What the task requires
A word-for-word copy of the data is what's wanted, with no pictures.

Collected data
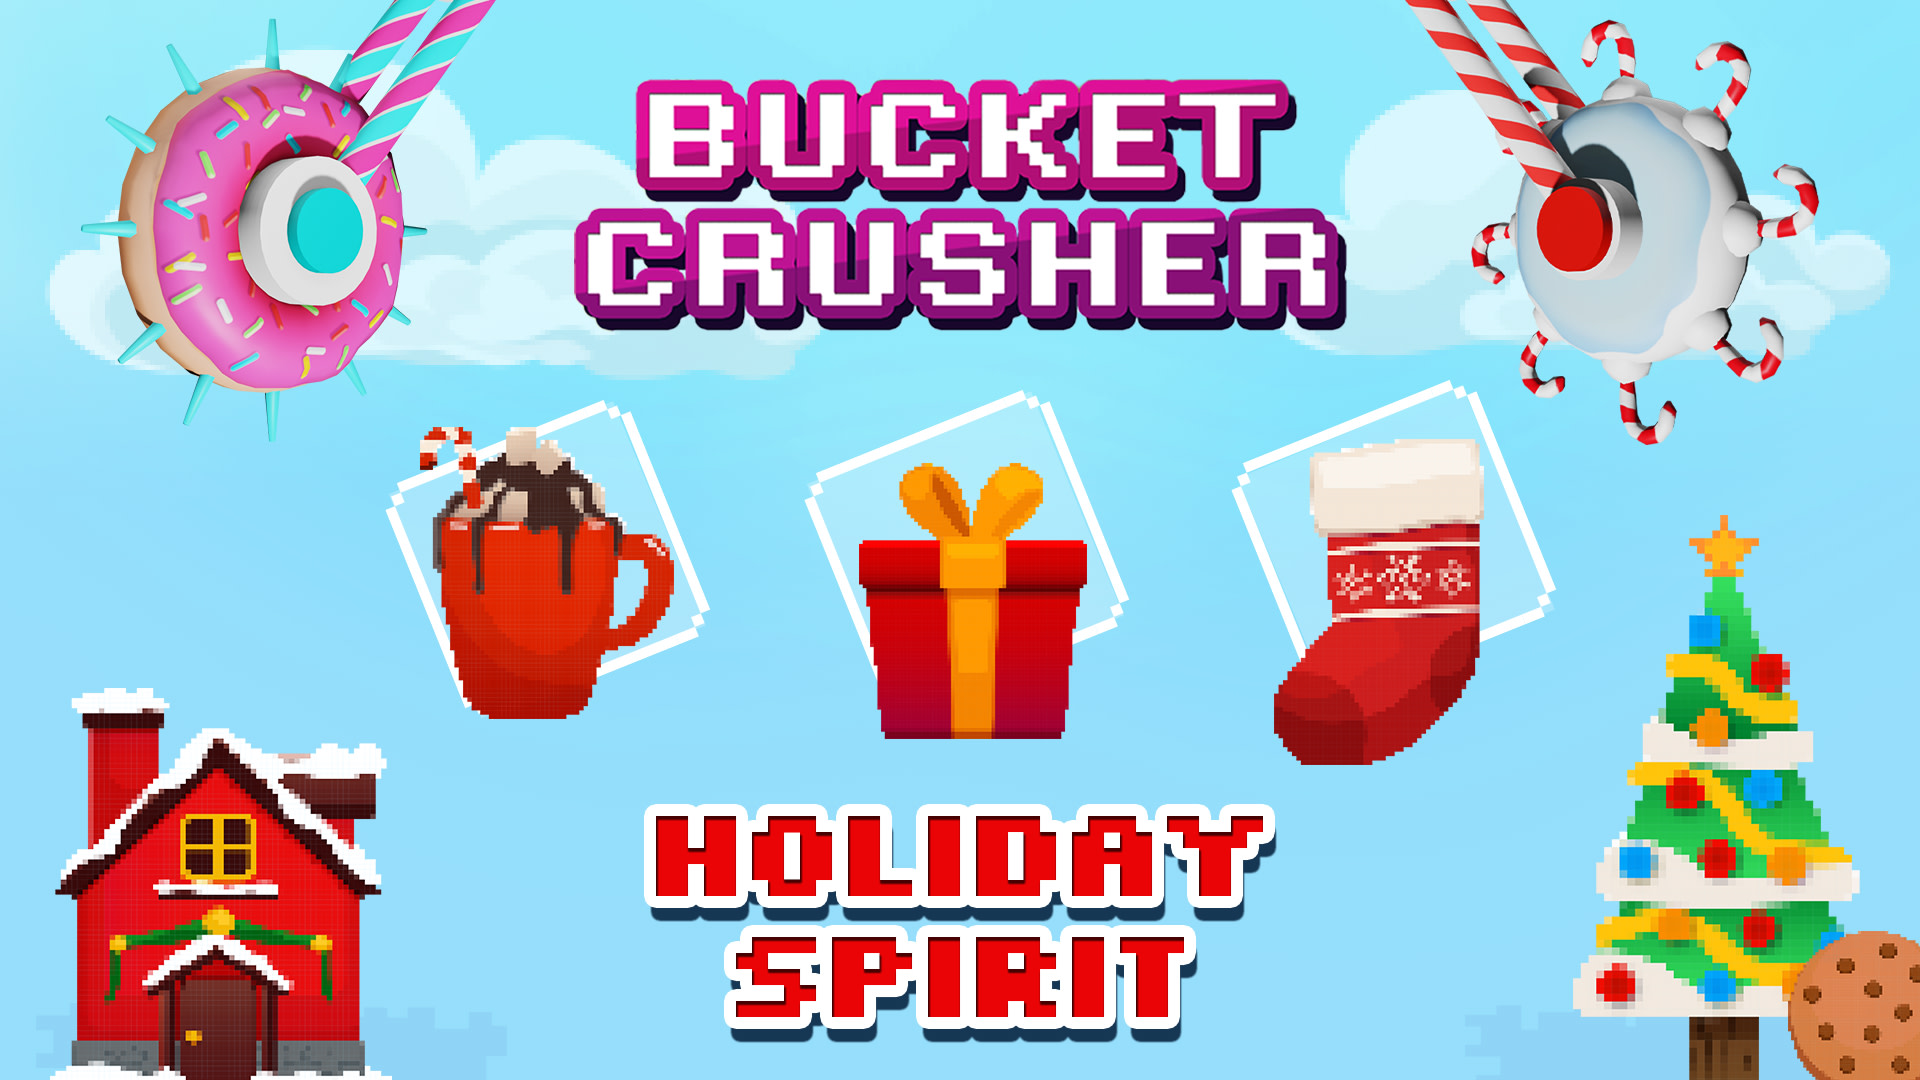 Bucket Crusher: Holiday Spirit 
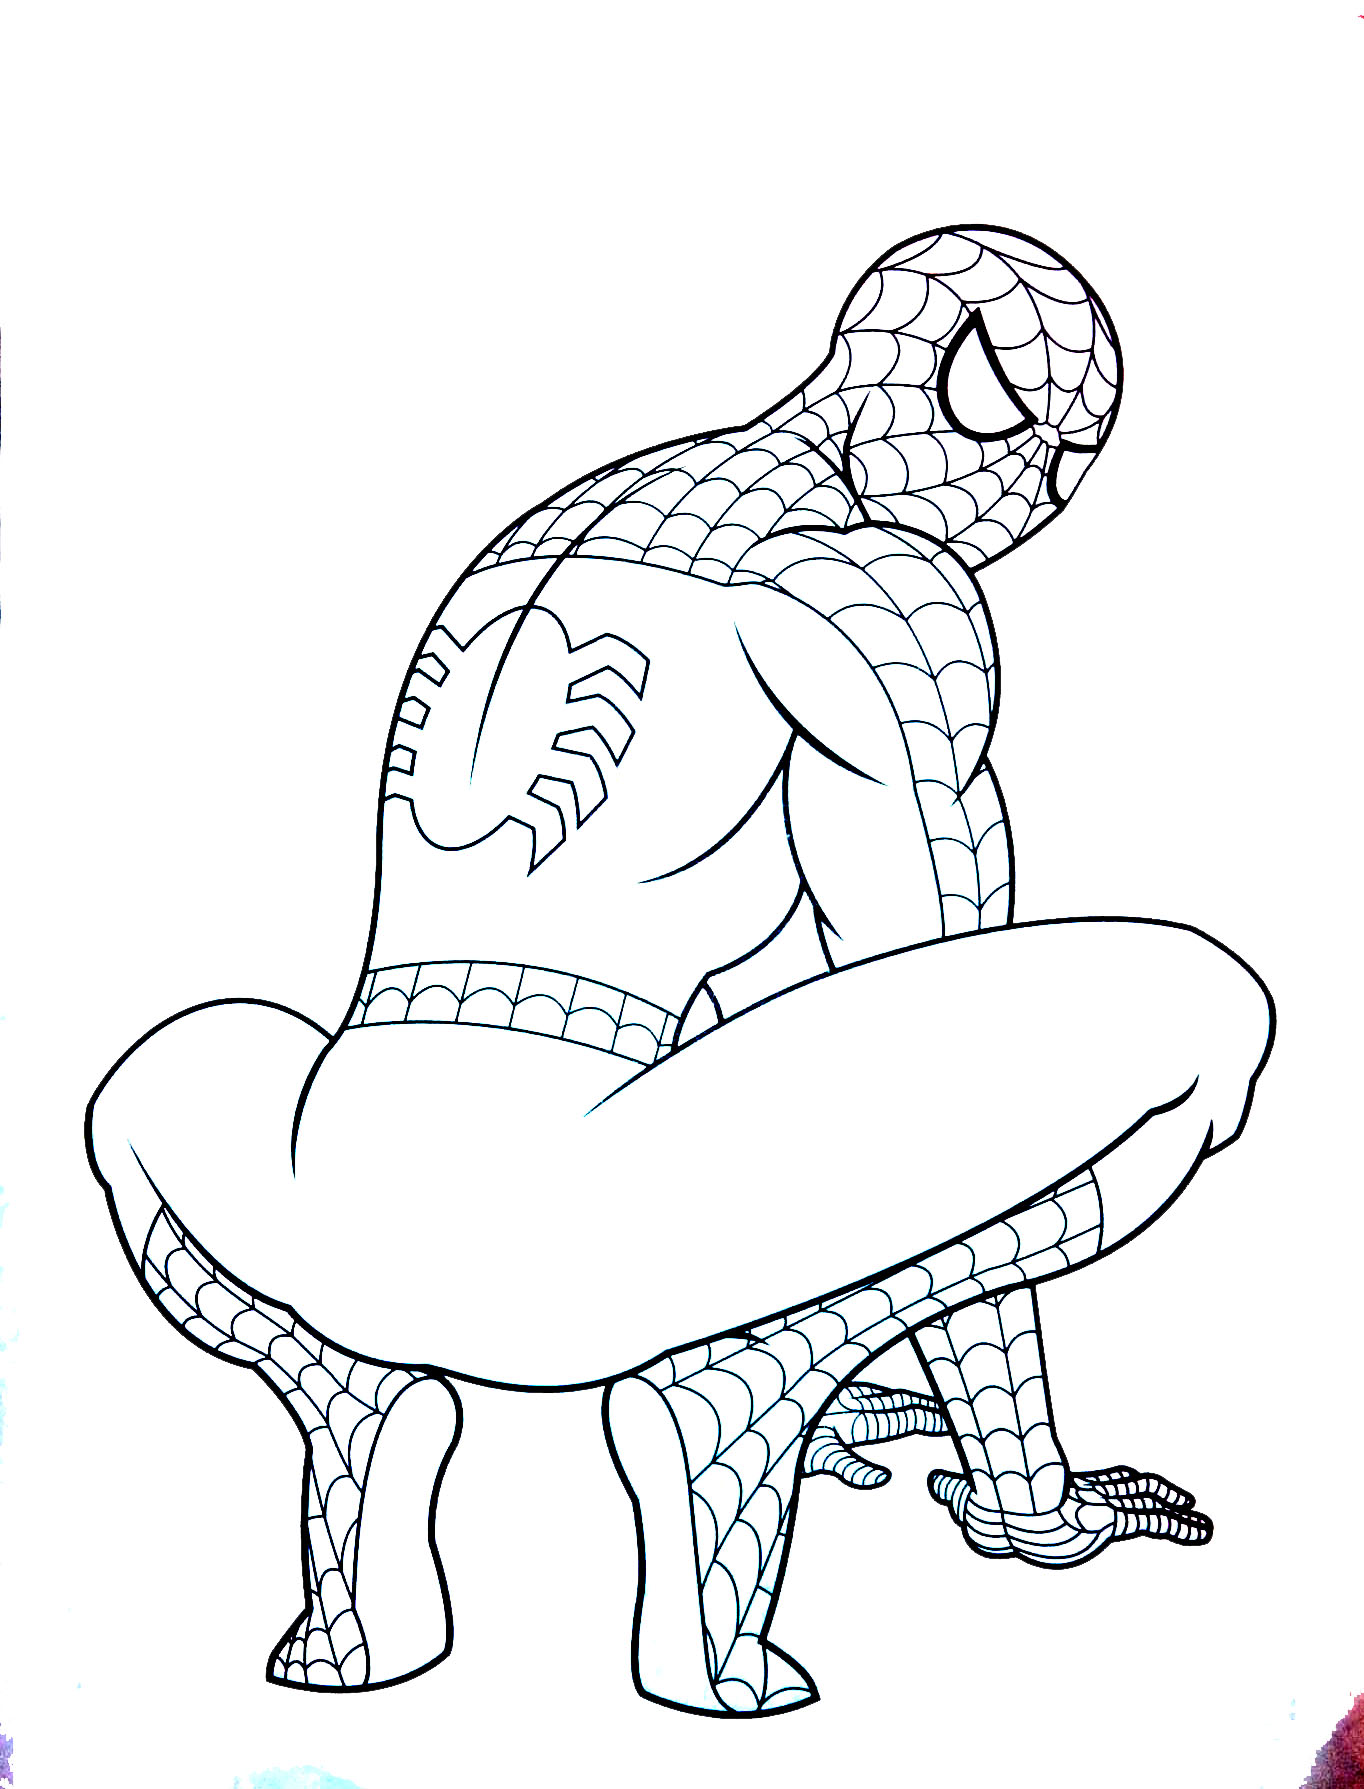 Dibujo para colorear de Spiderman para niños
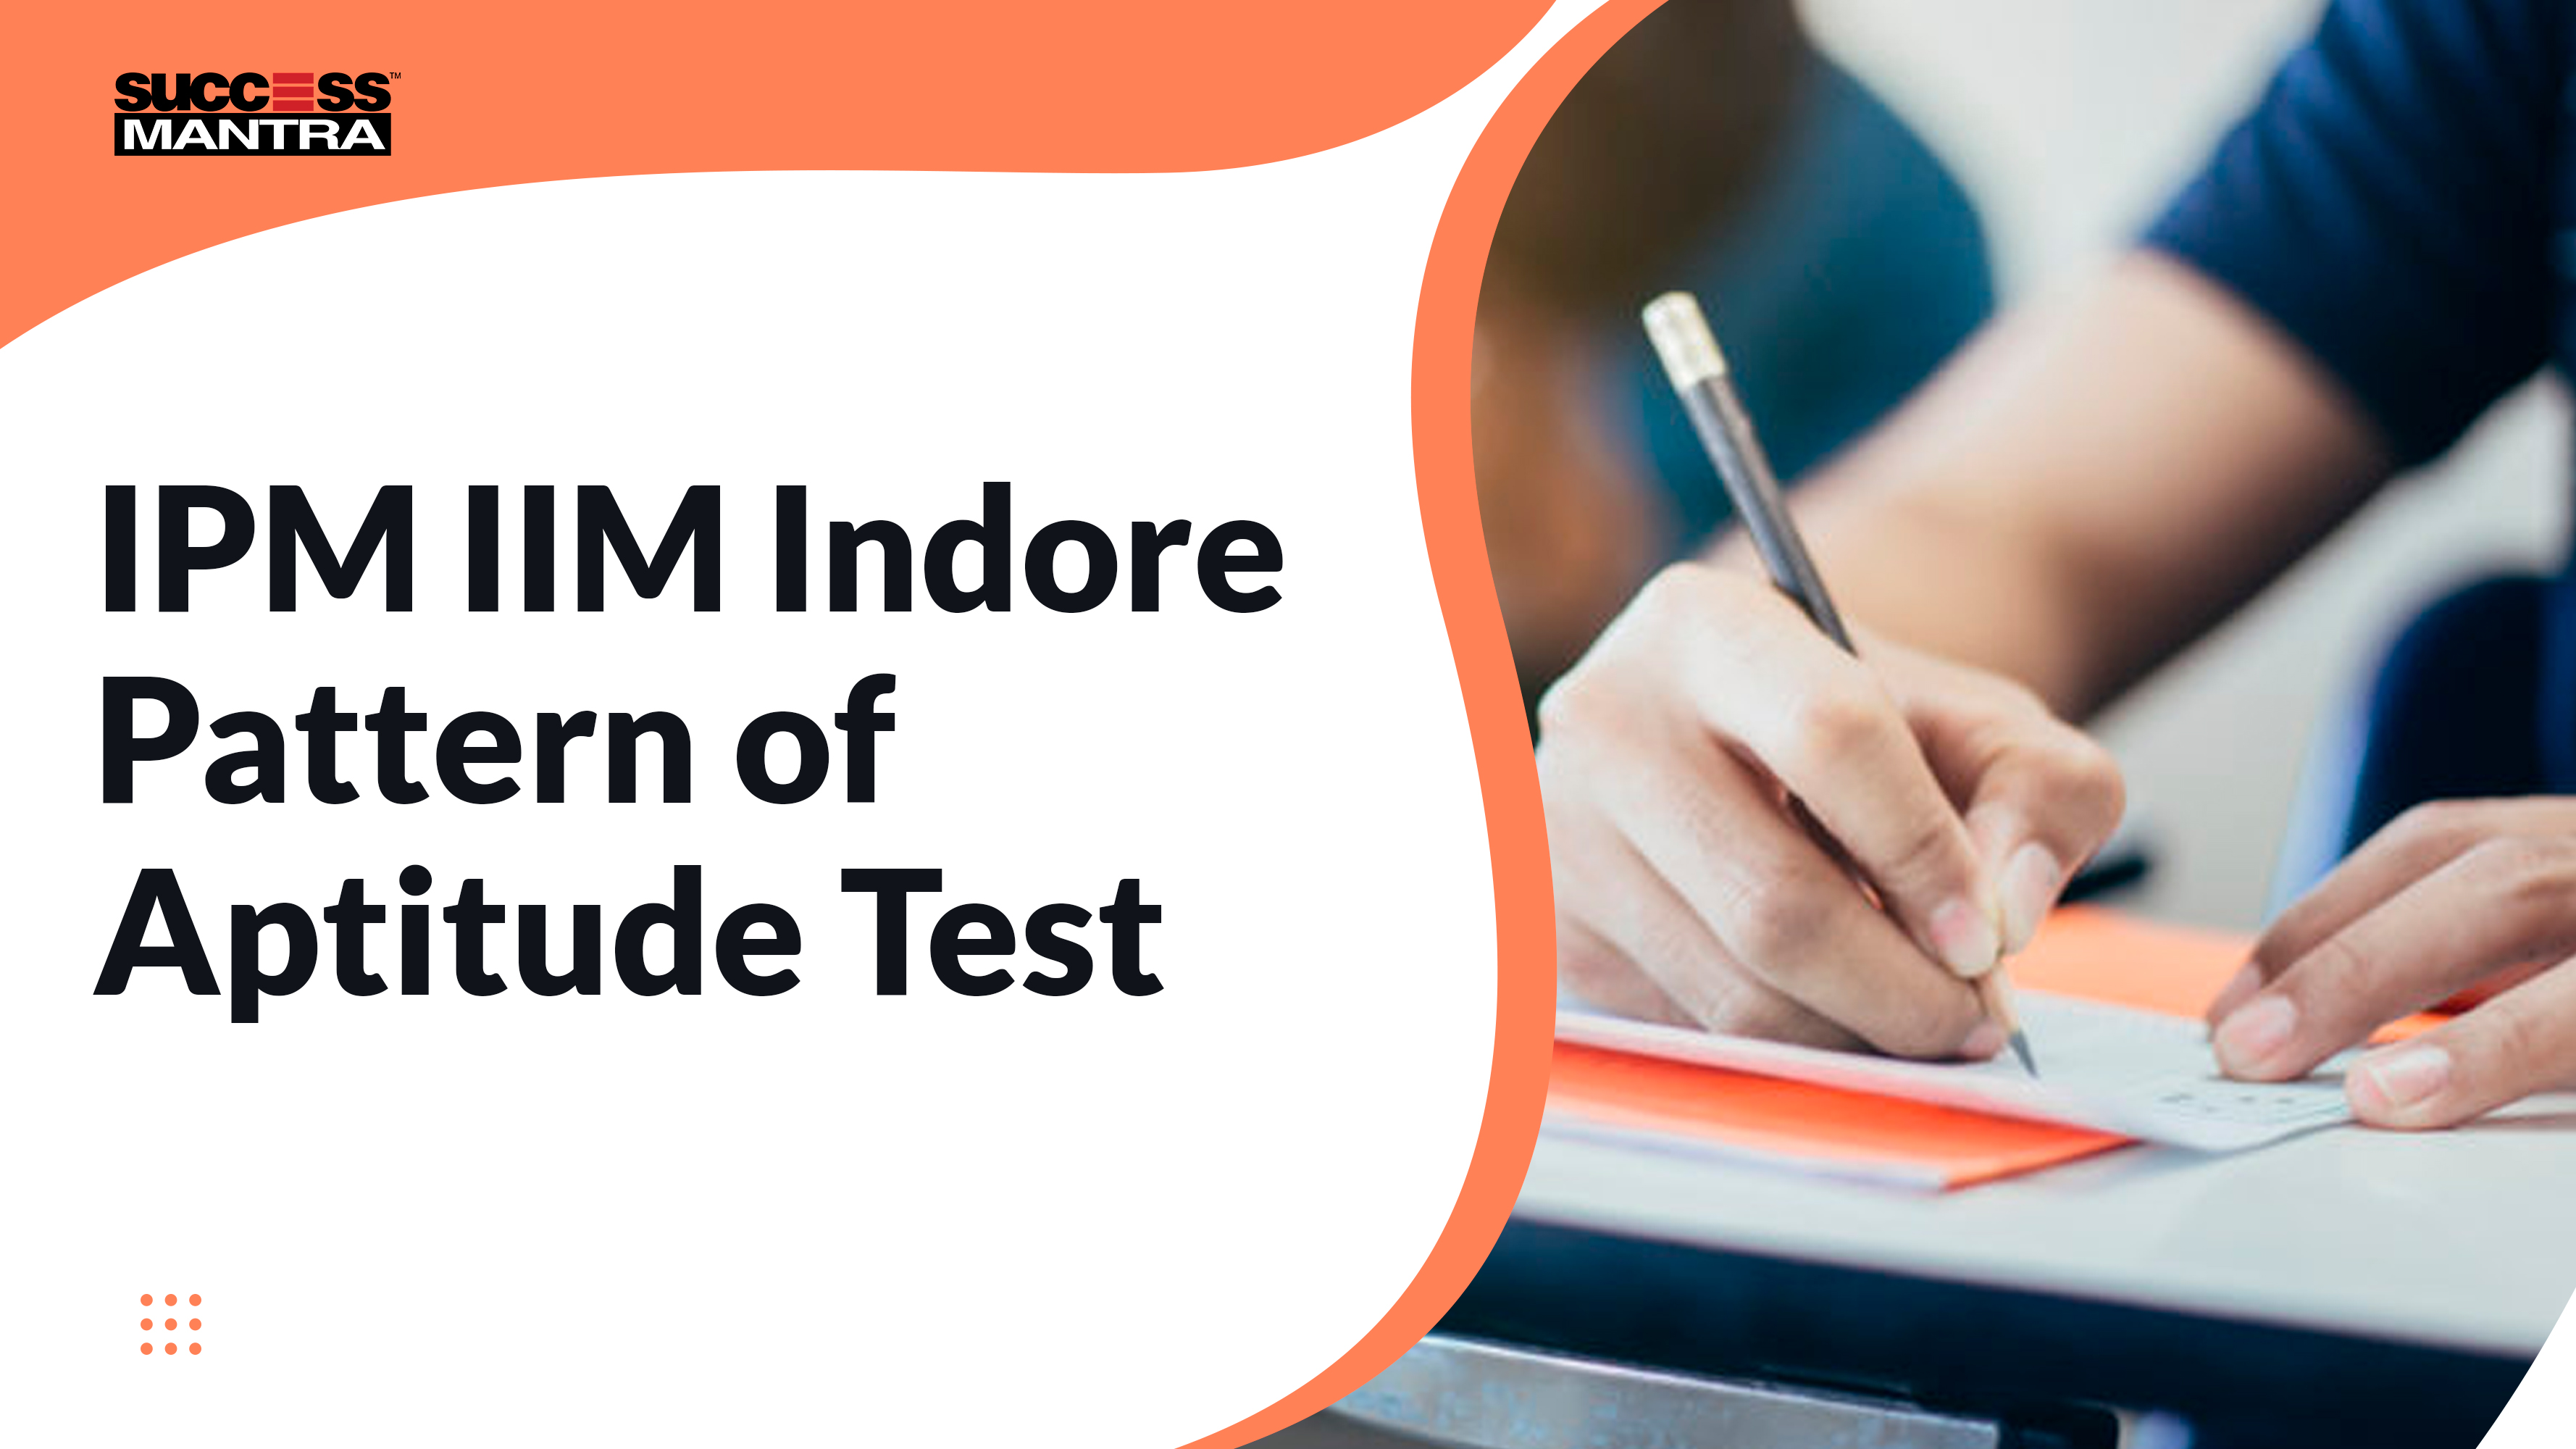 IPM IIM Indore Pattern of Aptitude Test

Task solution
 Bucket Crusher: Holiday Spirit 
 Dibujo para colorear de Spiderman para niños
 IPM IIM Indore Pattern of Aptitude Test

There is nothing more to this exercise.